- **WHAT YOU WILL DO**: Nothing but the text belongs in the answer: the listing below, copied exactly, without pictures.

- **RAW DATA**:

=-=-=

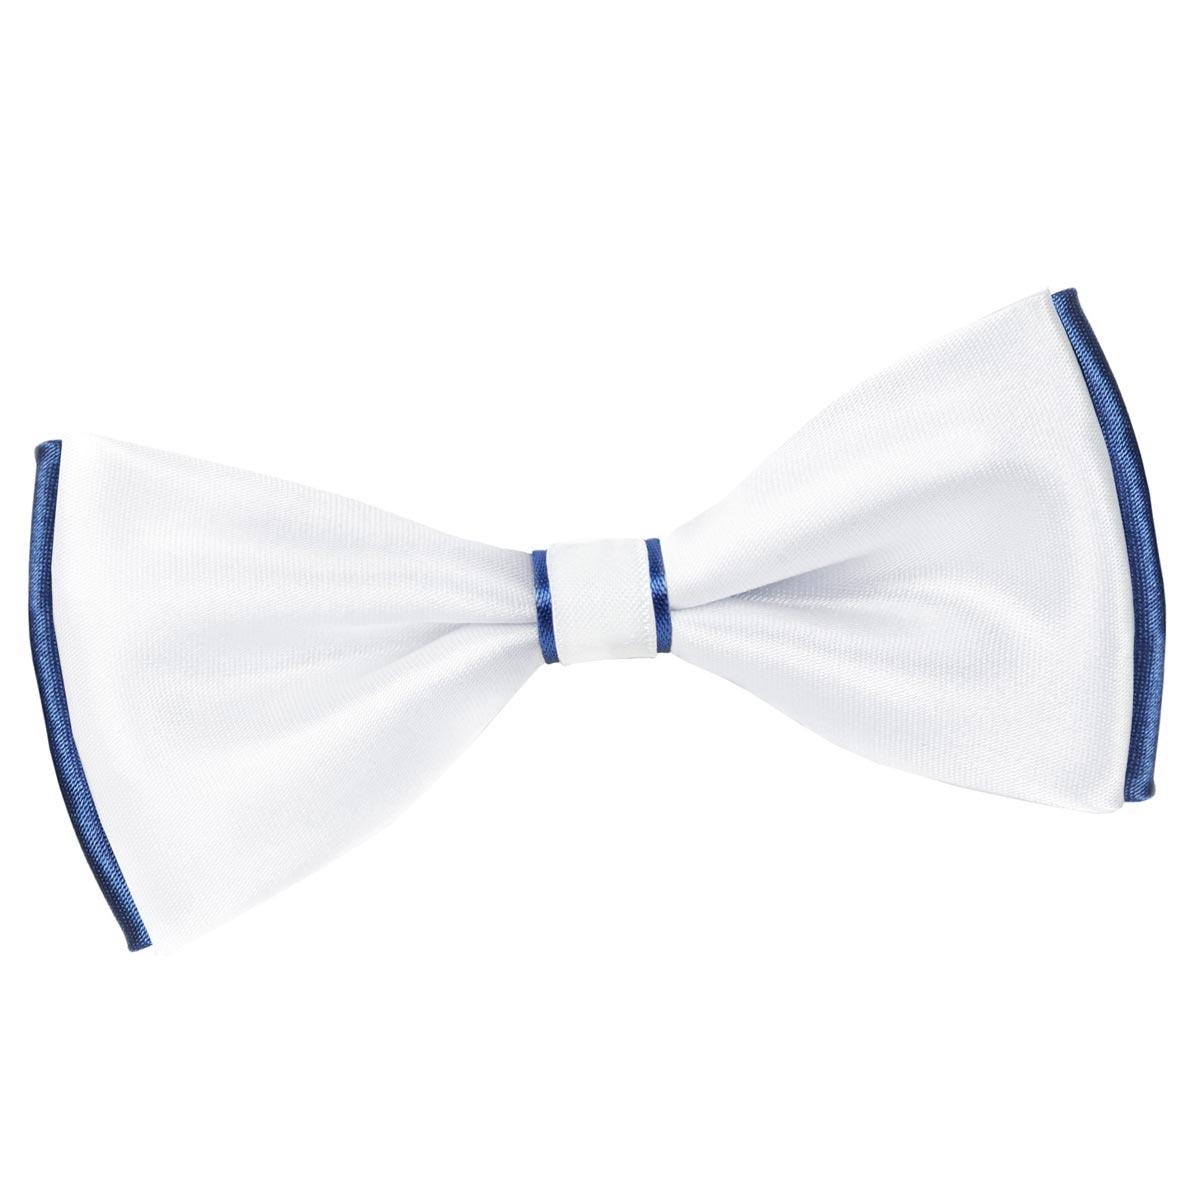 _Noeud-papillon-bicolore-blanc-bleu-jean-dandytouch
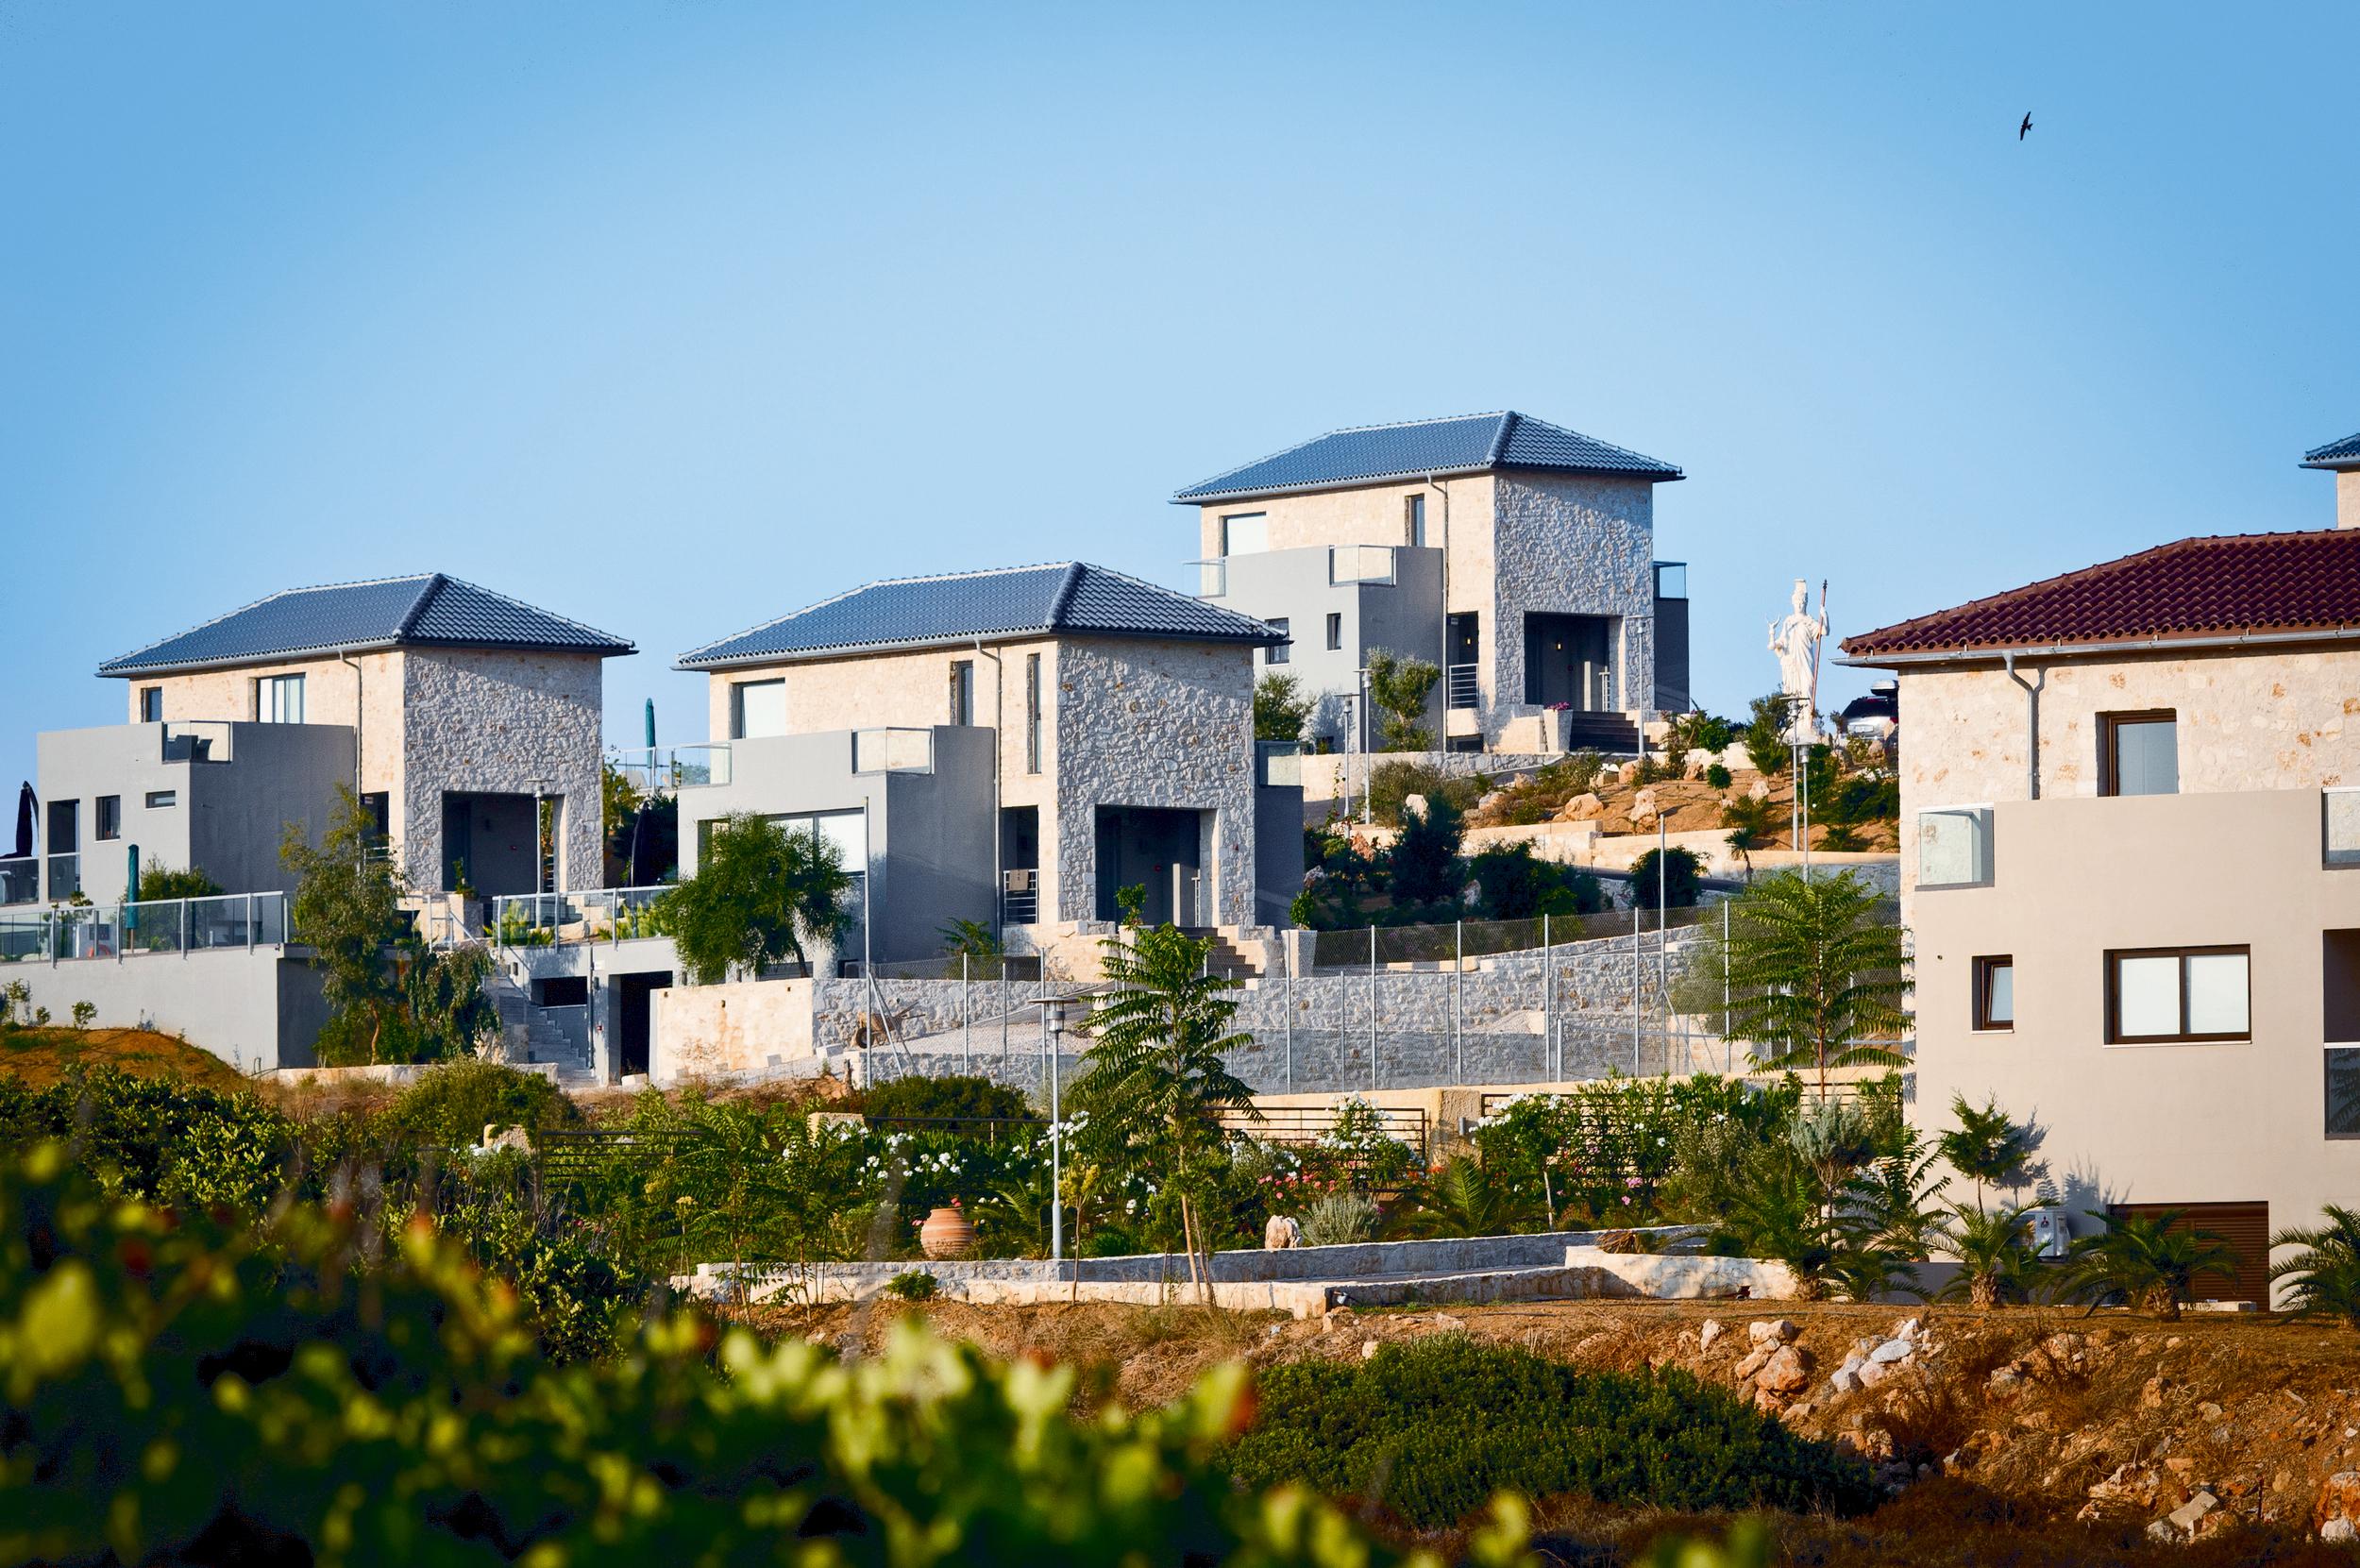 hotel for sale in crete akrotiri property view
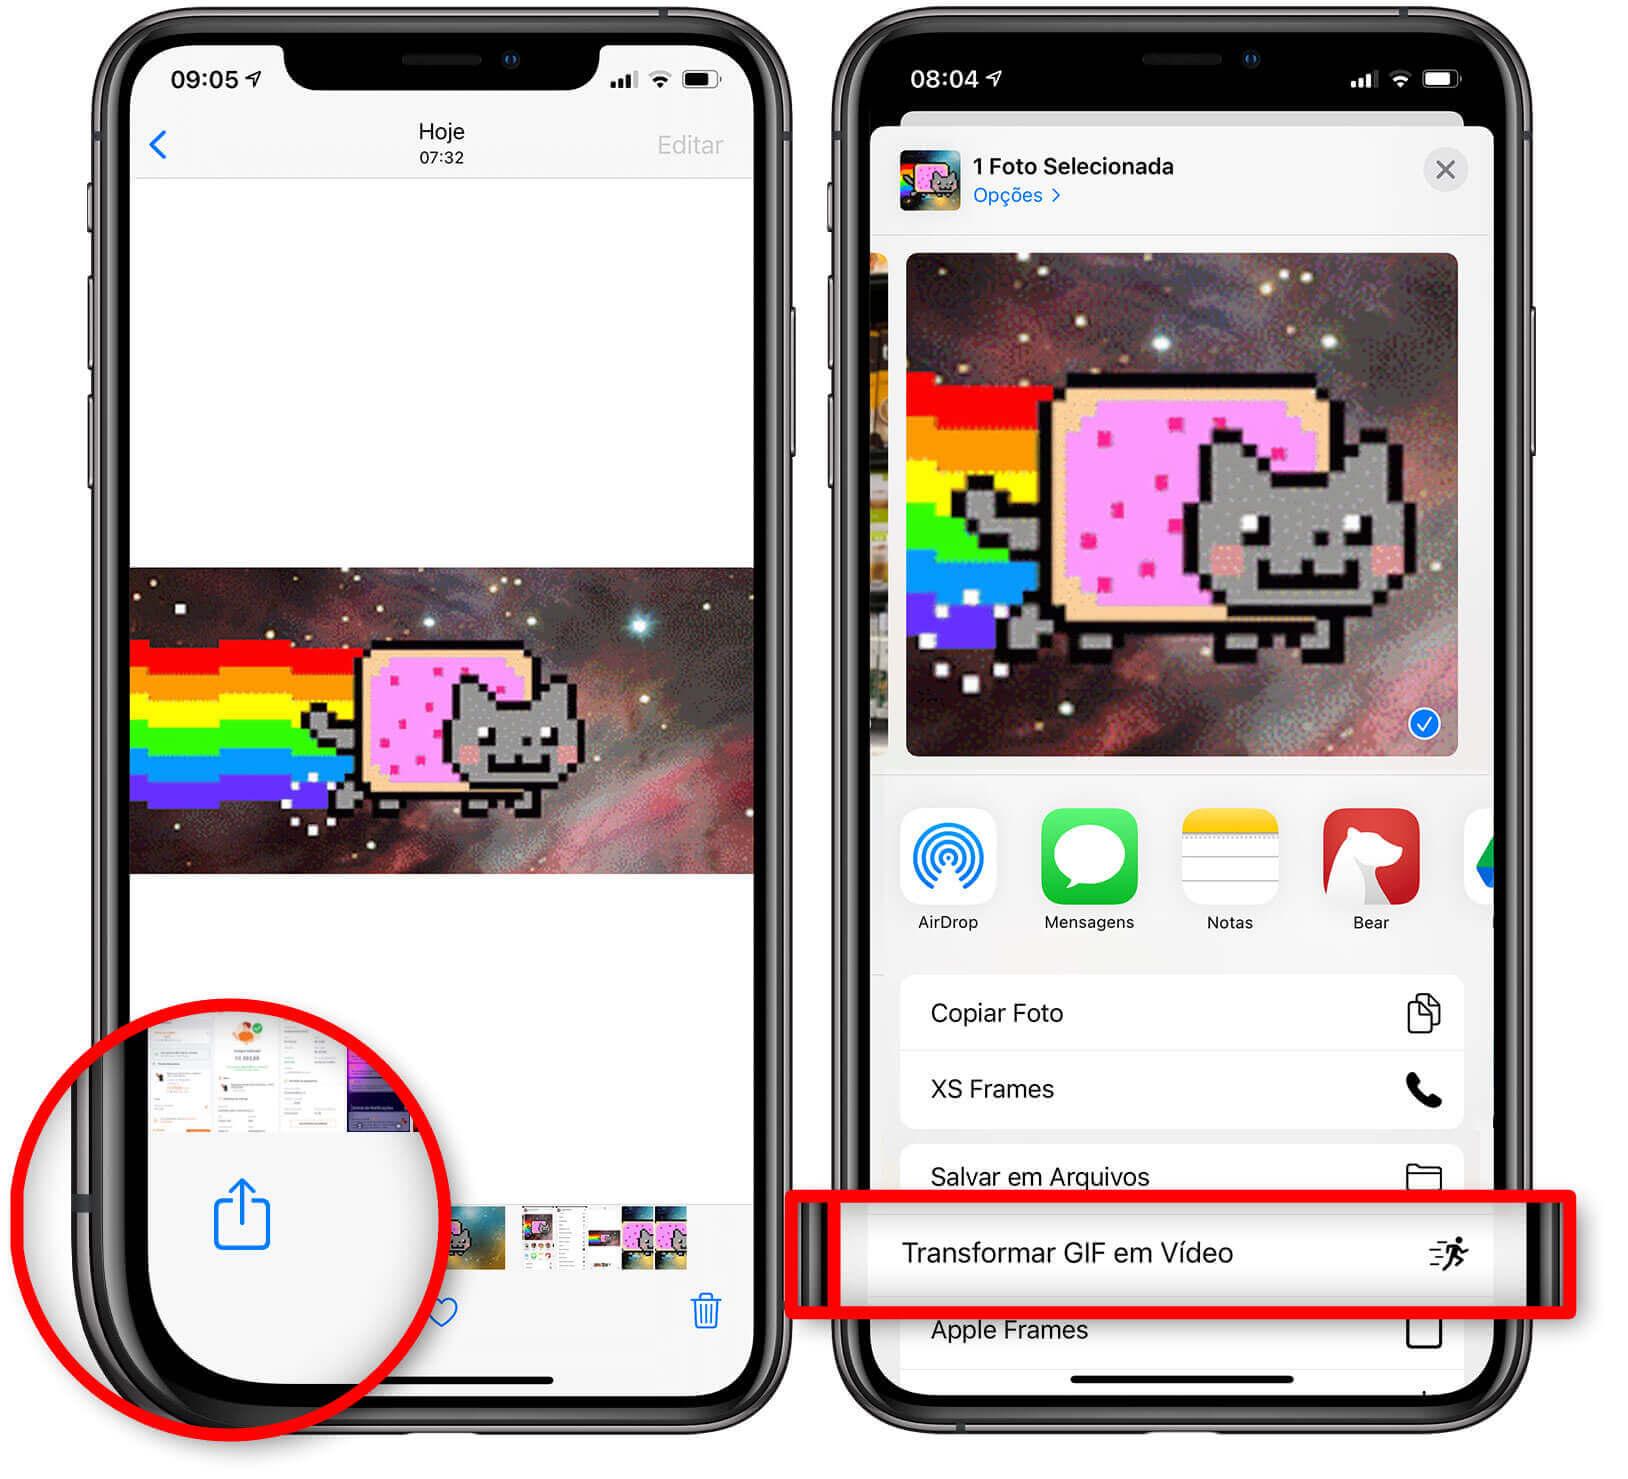 Transforme GIF em vídeo de iPhone

=-=-=

- **SOLUTION BELOW**:
 _Noeud-papillon-bicolore-blanc-bleu-jean-dandytouch
 hotel for sale in crete akrotiri property view
 Transforme GIF em vídeo de iPhone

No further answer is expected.